Table 2. Properties of CF, PEI, homogenized composite, and silica optical fiber.

Parameter	CF	PEI	Composite	Optical Fiber
$\mathrm{Young}’\mathrm{s} \mathrm{modulus} E_{11}=E_{22}$ (MPa)	17,200	3100	9608	70,000
$\mathrm{Young}’\mathrm{s} \mathrm{modulus} E_{33}$ (MPa)	228,000		135,708
$\mathrm{Poisson}’\mathrm{s} \mathrm{ratio} v_{13}=v_{23}$	0.2	0.36	0.25	0.17
$\mathrm{Poisson}’\mathrm{s} \mathrm{ratio} v_{12}$	0.5		0.46
$\mathrm{Shear} \mathrm{modulus} G_{13}=G_{23}$ (MPa)	27,600	1140	5036	30,000
$\mathrm{Shear} \mathrm{modulus} G_{12}$ (MPa)	5730		2738
$\mathrm{CTE} {\alpha }_{11}={\alpha }_{22}$ (°C−1)	7.2 × 10−6	55.8 × 10−6	12.7 × 10−6	5.5 × 10−7
$\mathrm{CTE} {\alpha }_{33}$ (°C−1)	−0.9 × 10−6		−0.667 × 10−6

, along with the properties of commonly used silica optical fibers.

The $TC$ matrix can be calculated using the parameters of the CF/PEI composite and the optical fiber, as shown in Equation (11).
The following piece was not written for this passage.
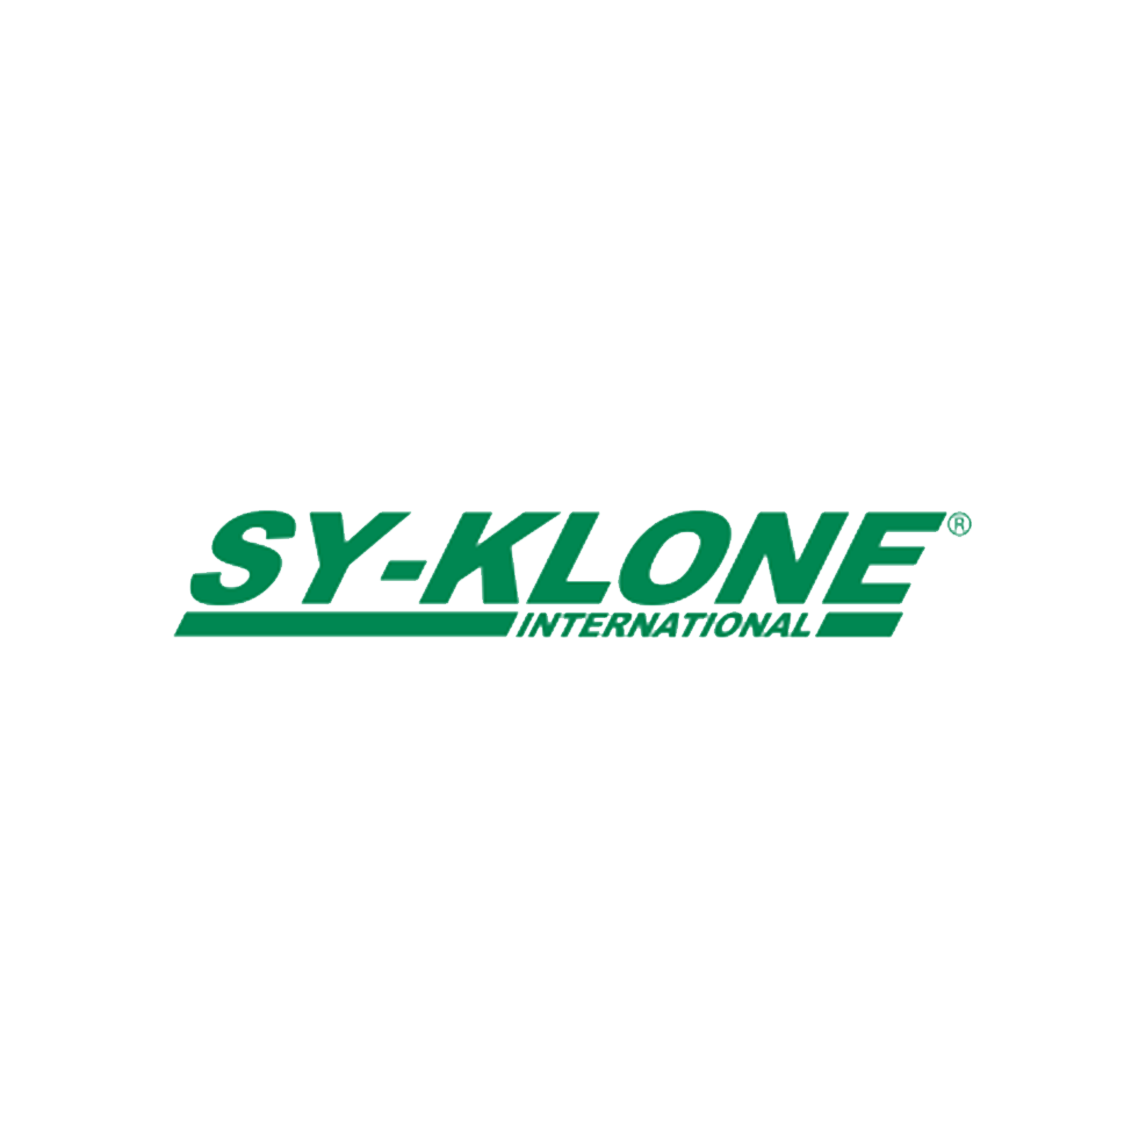 Sy-klone

The detailed calculation process is not presented here, as has been illustrated in the reference [21].

$$\left[\begin{array}{c}{\epsilon }_1^S\\ {\epsilon }_2^S\\ {\epsilon }_3^S\\ \Delta T\end{array}\right]=\left[\begin{array}{cccc}0.63996& 0.15911& 0.02103& -8.07728\\ 0.15911& 0.63996& 0.02103& -8.07728\\ 0& 0& 1.00000& 0\\ 0& 0& 0& 1.00000\end{array}\right]\left[\begin{array}{c}{\epsilon }_1^H\\ {\epsilon }_2^H\\ {\epsilon }_3^H\\ \Delta T\end{array}\right].$$

(11)

Since the $TC$ matrix is invertible, Equation (11) also allows the inverse calculation to determine the host material strain from the optical fiber strain.

2.3. Decoupling Methodology

Based on the strain transfer relationship, this study proposes a methodology for decoupling multi-directional strains in quasi-isotropic laminates under thermo-mechanical loading, as shown in Figure 2. First, the axial strain ${\epsilon }_3^S$ and transverse strain difference $\left|{\epsilon }_1^S-{\epsilon }_2^S\right|$ in the optical fiber can be derived from the spectral response of the FBG and temperature compensation, as illustrated in Section 2.1. Since the magnitudes of ${\epsilon }_1^S$ and ${\epsilon }_2^S$ cannot be determined solely from the spectral response of the FBG and Equation (8), the transverse strain difference is expressed as $\left|{\epsilon }_1^S-{\epsilon }_2^S\right|$. Additionally, Equations (7) and (8) provide only two equations involving three variables, which is insufficient for multi-directional strain decoupling.

Second, a strain transfer relationship between the host material and optical fiber is established based on Kollar’s analytical model, enabling the conversion of strains in the CF/PEI composite to those in the embedded optical fiber. This model provides three independent equations but also introduces three new variables, excluding temperature change, which is treated as a known value.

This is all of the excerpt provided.